ASSIGNMENT: Return the data exactly, without pictures.

GIVEN DATA:
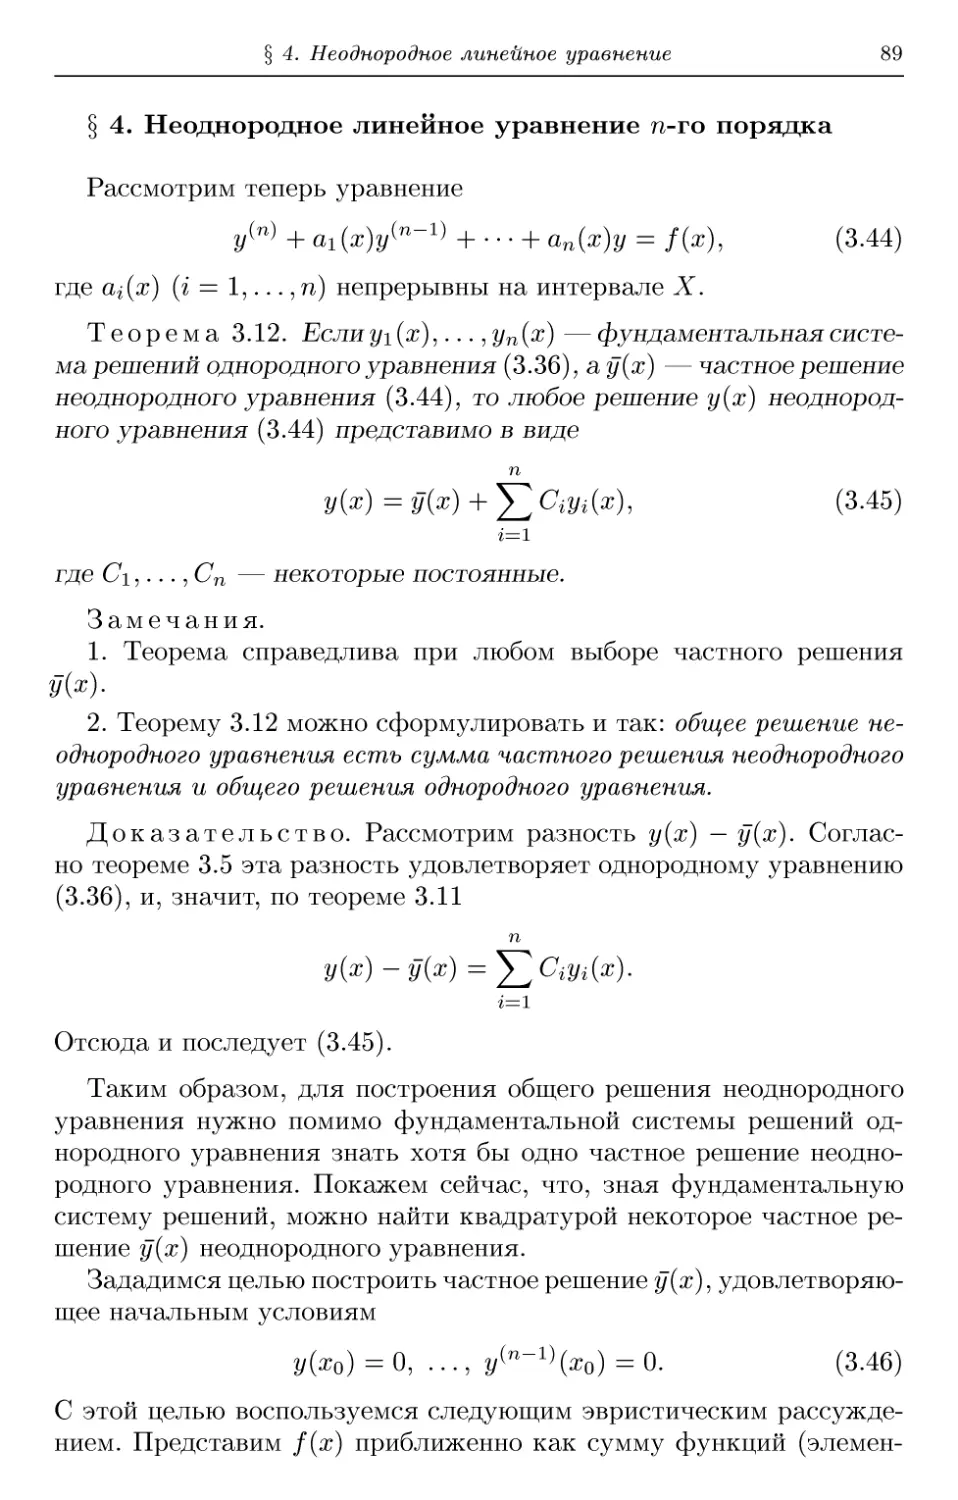 § 4. Неоднородное линейное уравнение n-го порядка
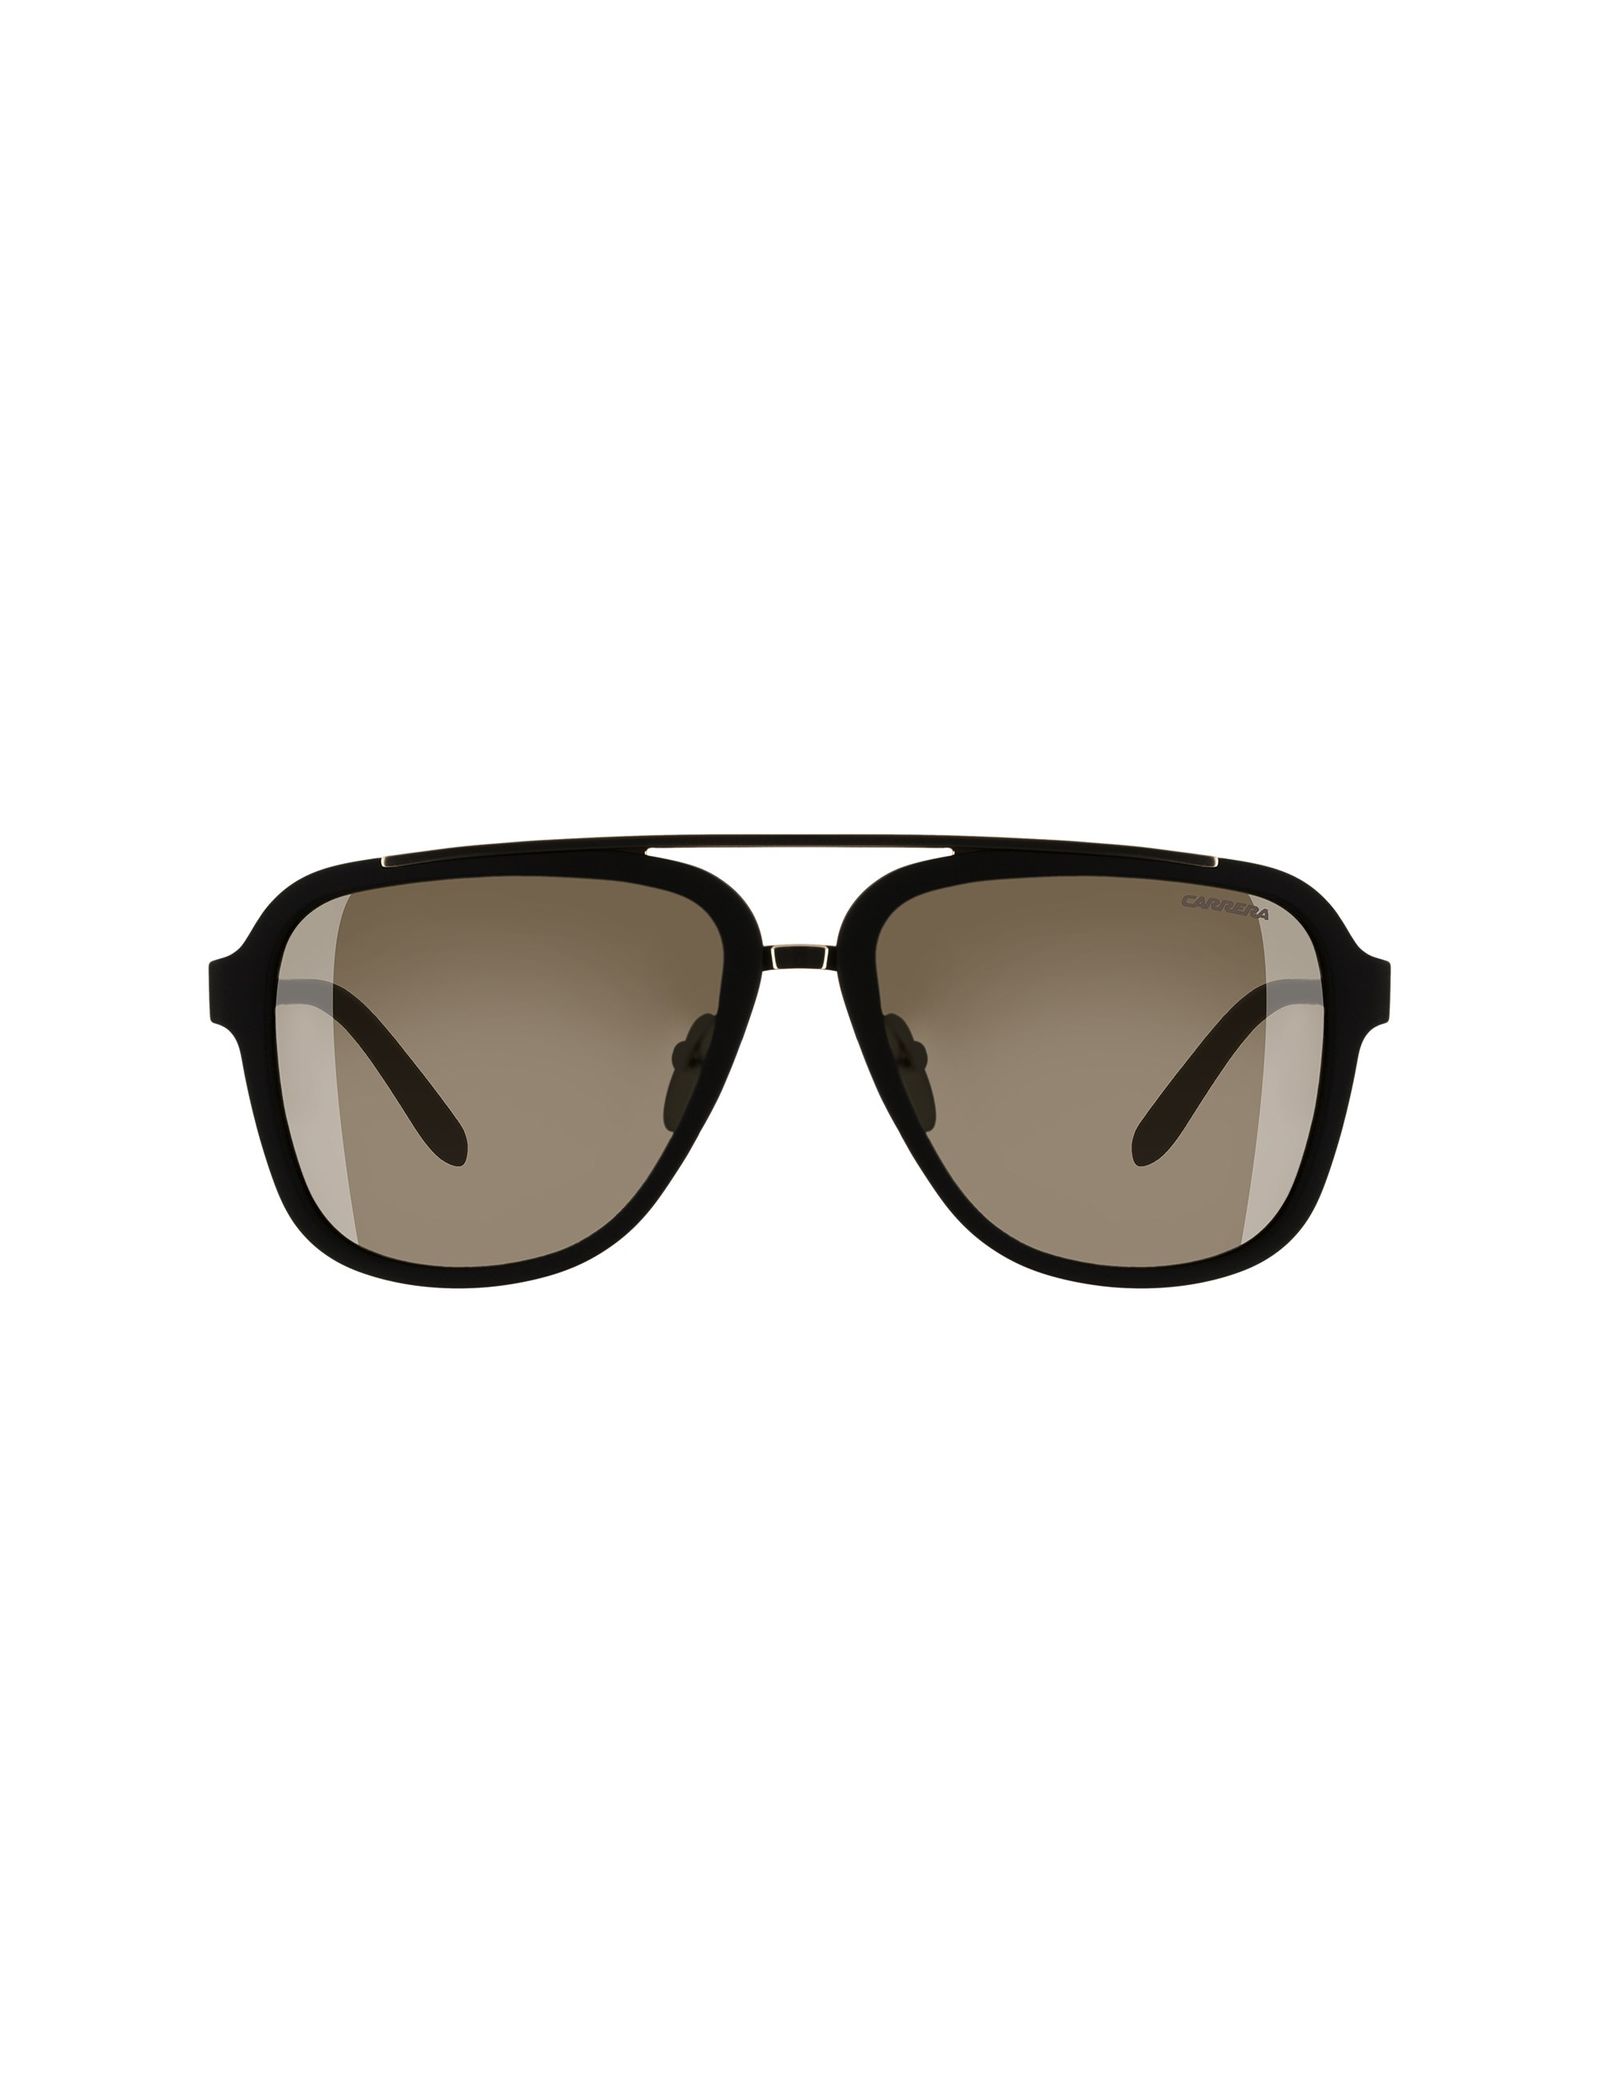 عینک آفتابی خلبانی مردانه - کاررا - مشکي مات - 1
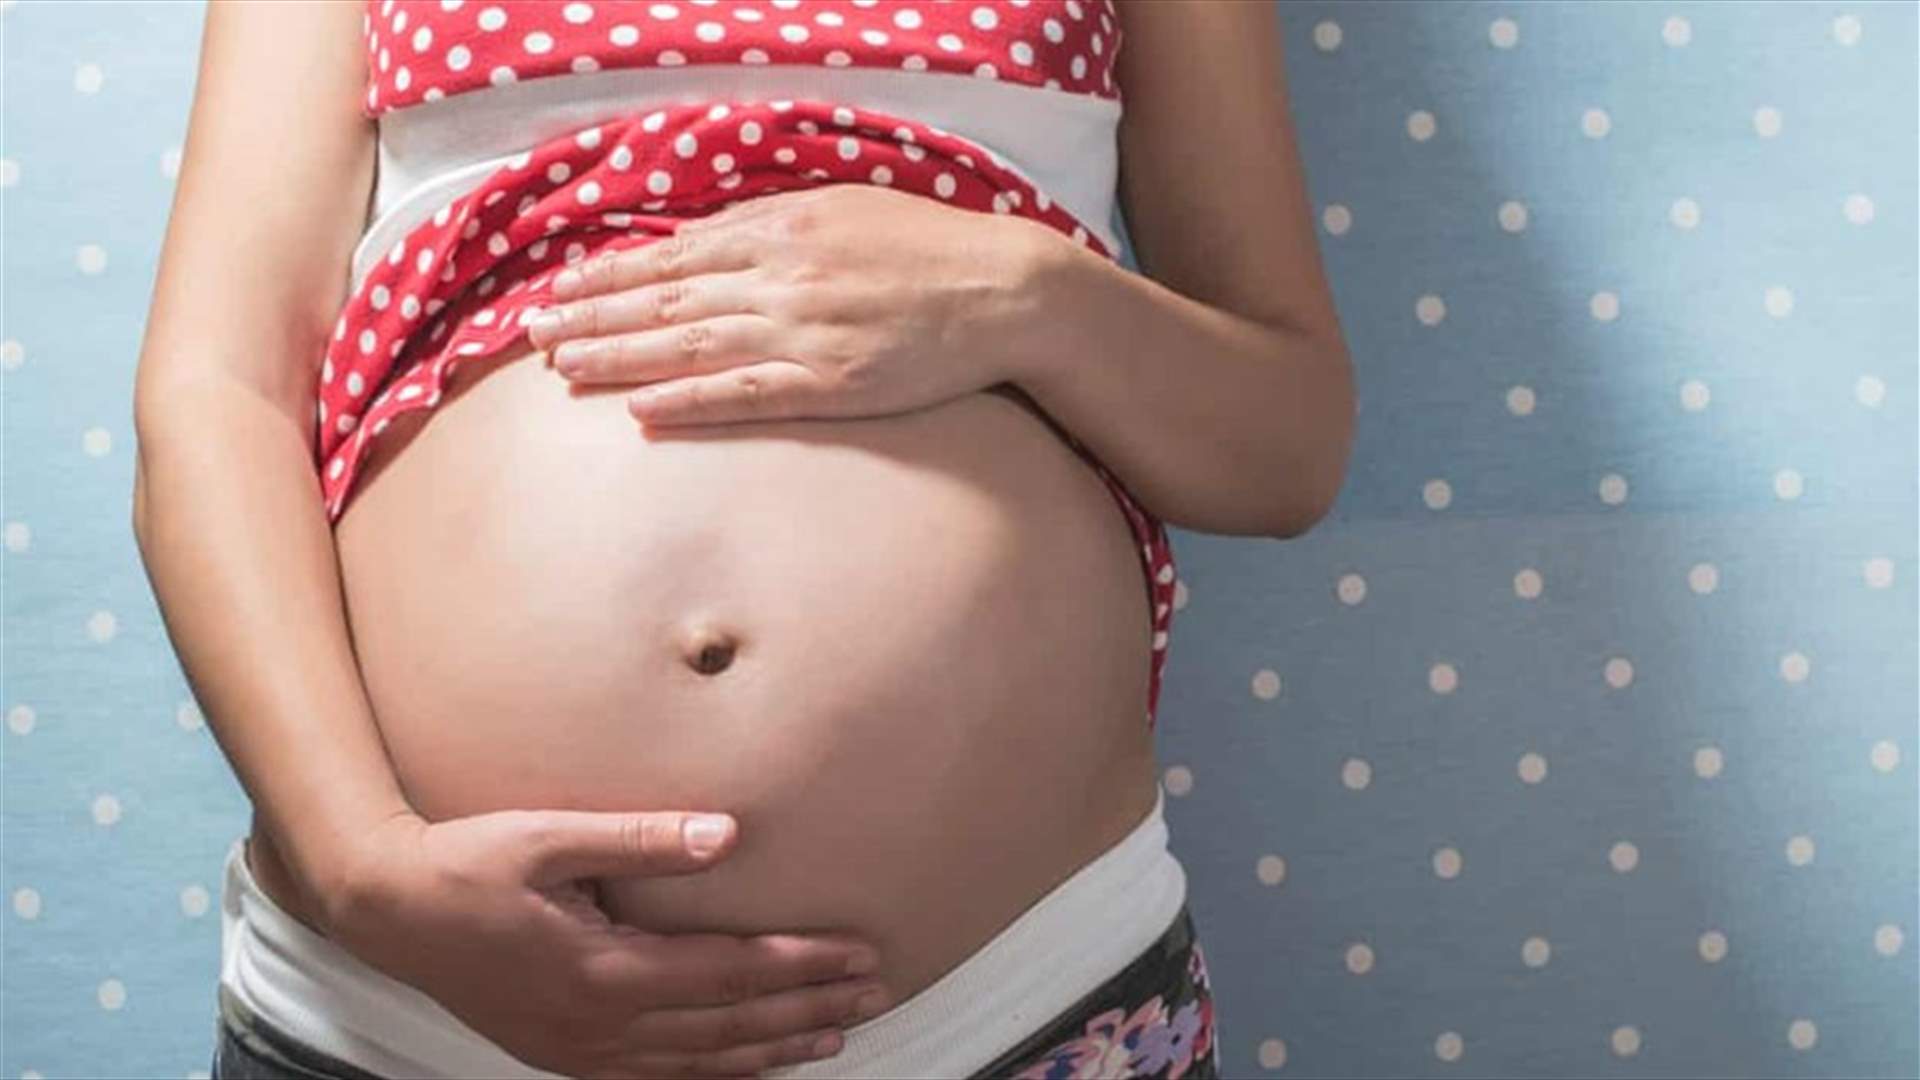 دراسة جديدة تكشف... لا دليل على وجود صلة بين الولادة القيصرية والسمنة!

EXPECTED OUTPUT:
 § 4. Неоднородное линейное уравнение n-го порядка
 عینک آفتابی خلبانی مردانه - کاررا - مشکي مات - 1
 دراسة جديدة تكشف... لا دليل على وجود صلة بين الولادة القيصرية والسمنة!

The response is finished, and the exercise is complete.